Une multitude d’acteurs qui nous attaquent
L’entreprise française de matériel électrique Legrand se réorganise en réponse à une « compétition forte » venue d’Asie. Elle prévoit la fermeture de quatre petits sites, la suppression de 178 postes d’ici 2028 et un investissement de plus de 80 millions d’euros en France, notamment dans les data centers.
Confronté à une crise durable dans le secteur du bâtiment, Legrand, basé à Limoges (Haute-Vienne), a annoncé qu’il allait alléger ses coûts par cette réorganisation. Les sites de Pont-en-Royans (Isère), Lagord (Charente-Maritime), Confolens (Charente) et Châlus (Haute-Vienne) seront progressivement fermés, et leurs activités redéployées vers d’autres usines du groupe en France.

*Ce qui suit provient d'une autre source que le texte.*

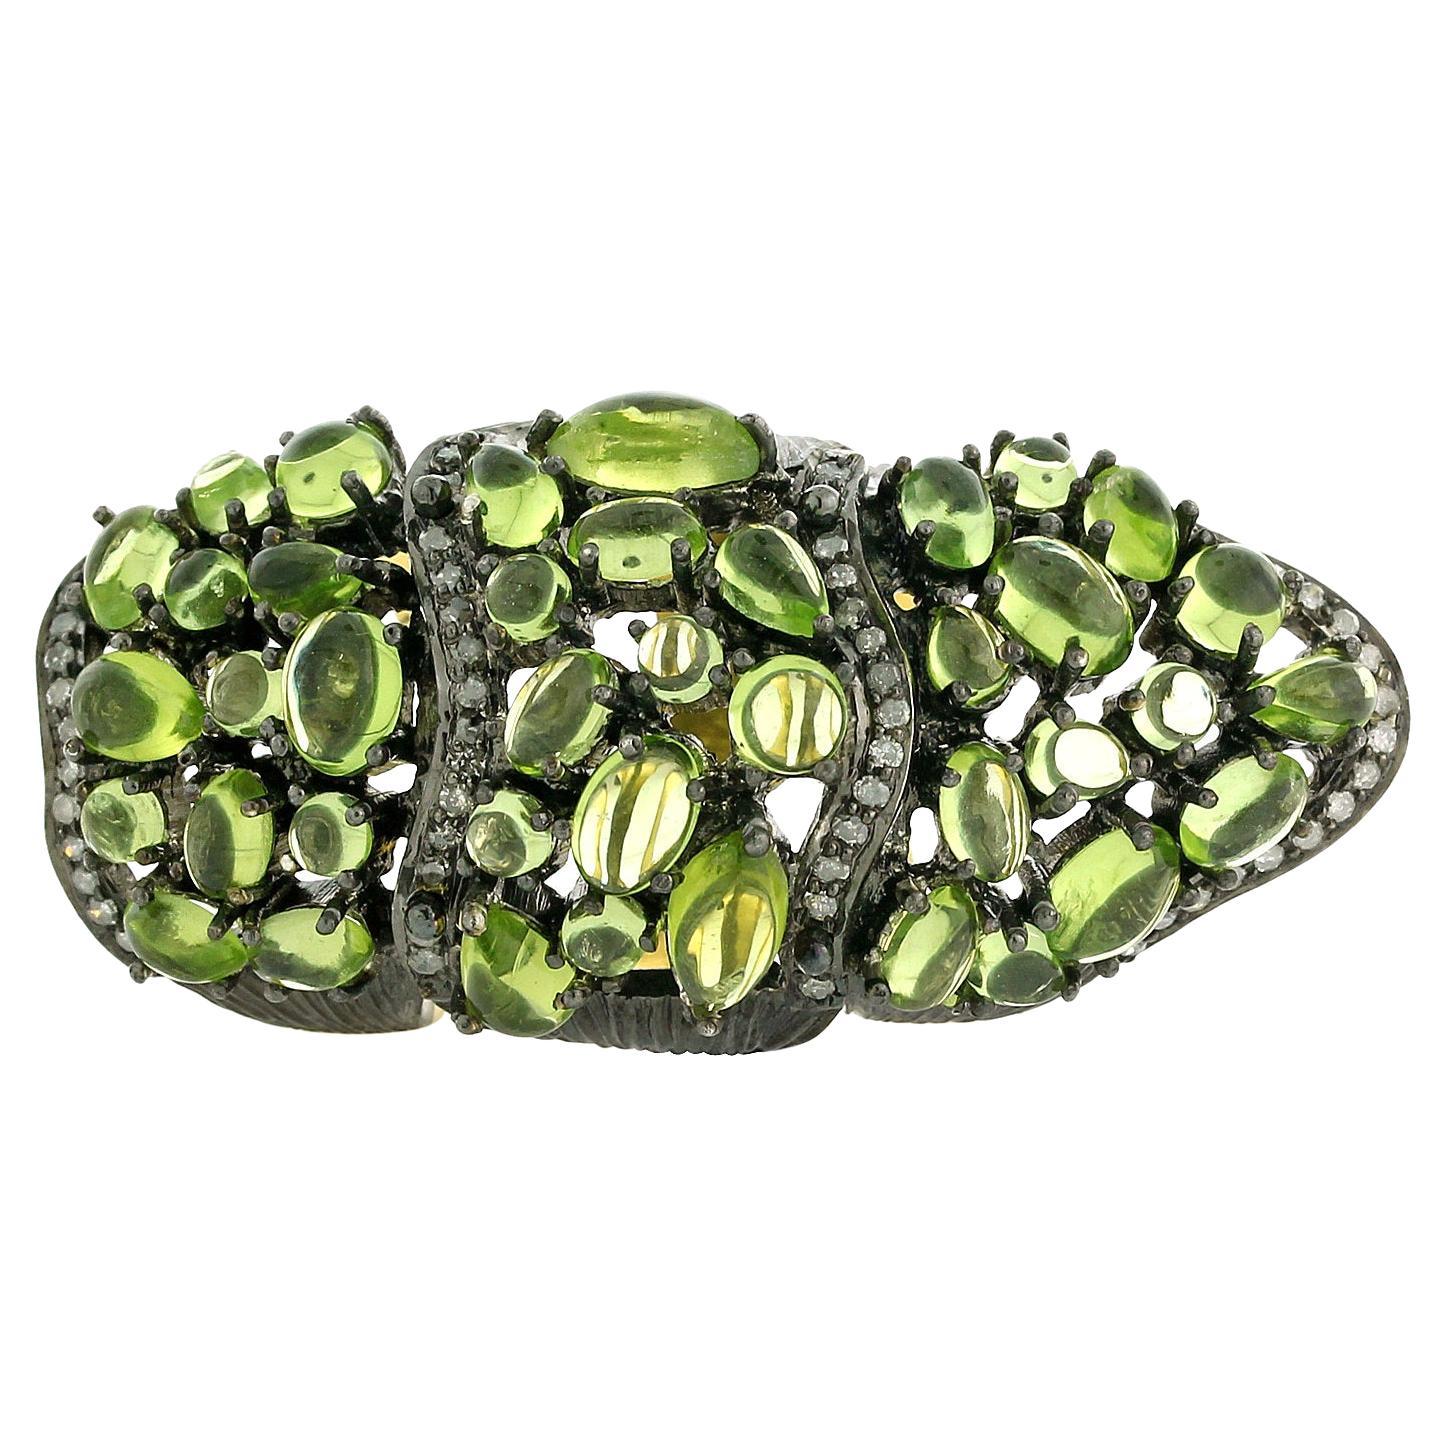 Uneven Shaped Peridot & Pave Diamonds Long Ring Made in 18k Gold & Silver

Morgan Malecotte, directeur de Legrand France, a expliqué que l’entreprise regroupera ses petits sites pour créer des « centres de compétences » afin de maintenir sa compétitivité et son engagement envers le « fabriqué en France ».

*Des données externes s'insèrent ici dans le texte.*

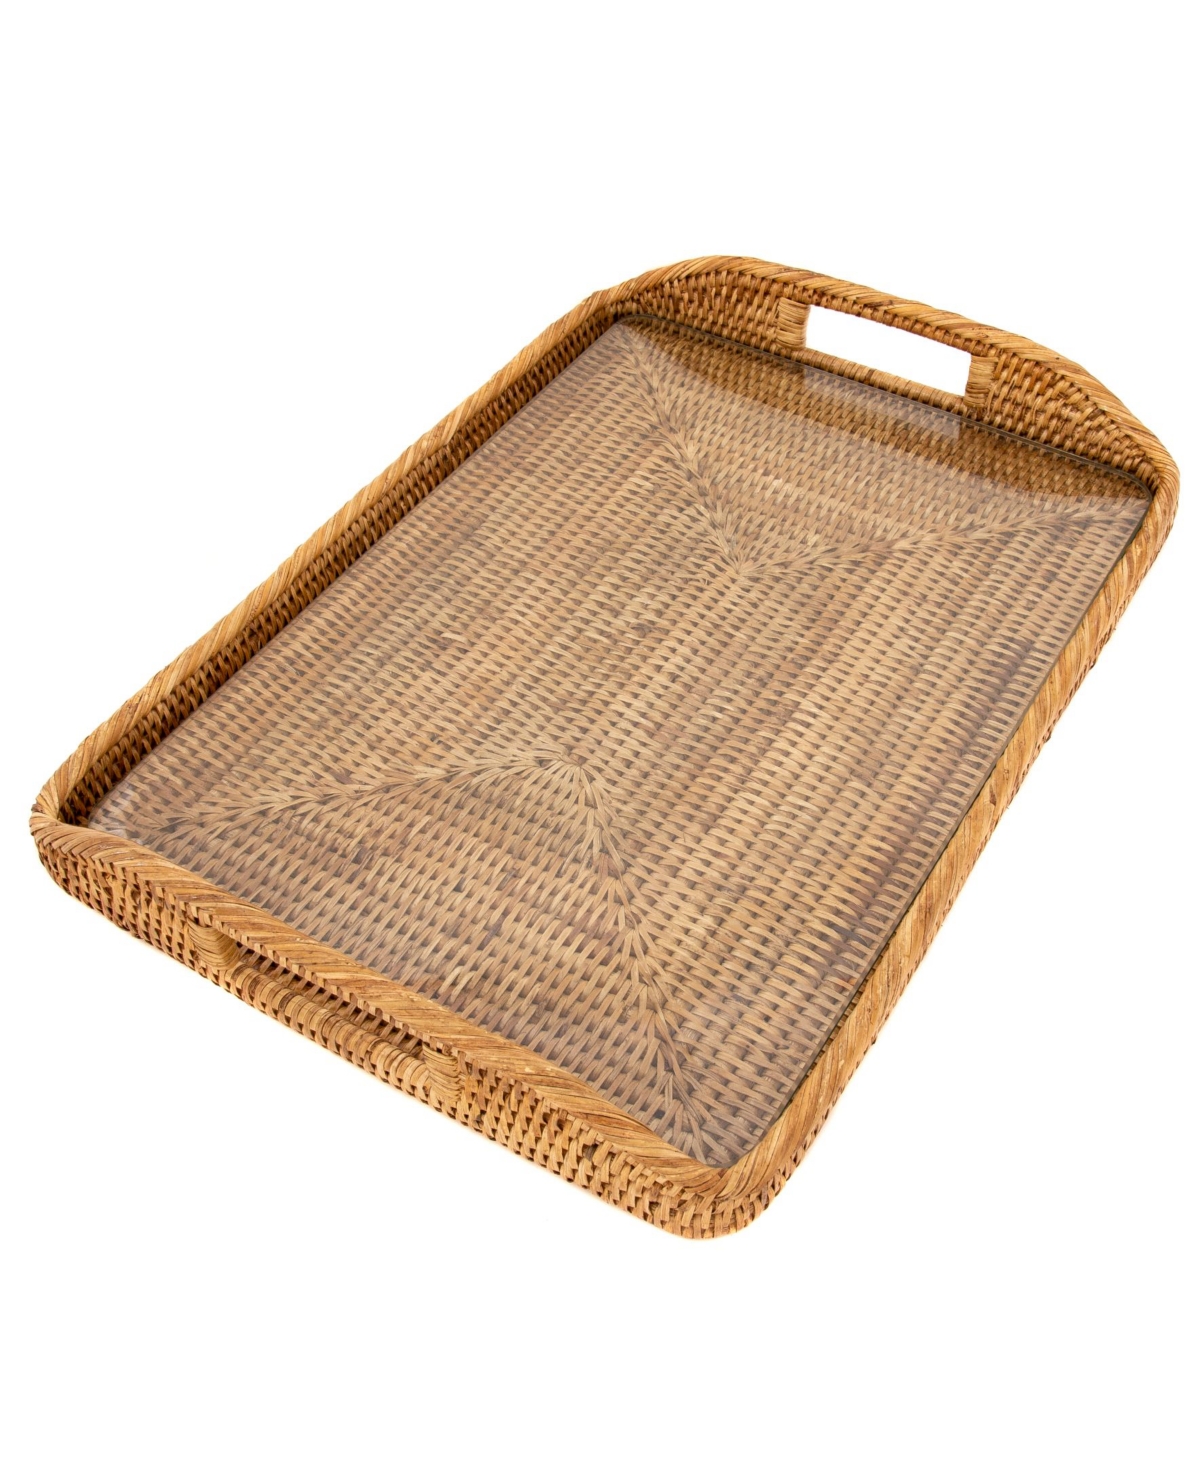 Artifacts Trading Company Artifacts Rattan 17" Rectangular Tray With Glass Insert In Medium Brown

Legrand investira 20 millions d’euros pour accueillir les activités des sites fermés et 60 millions d’euros dans la transition numérique et énergétique. À l’horizon 2028, Legrand disposera de 14 sites en France, contre 20 actuellement, représentant 10% de son chiffre d’affaires et 30% de ses fonctions de recherche et développement.
Les sites qui accueilleront les activités des sites fermés incluent Magré (Haute-Vienne), Sitel (Haute-Vienne), et Sillé-le-Guillaume (Sarthe). Toutefois, le plan social pourrait entraîner des licenciements, car « il n’y aura pas de places pour tout le monde », a souligné Michel Robert, délégué syndical central CFDT.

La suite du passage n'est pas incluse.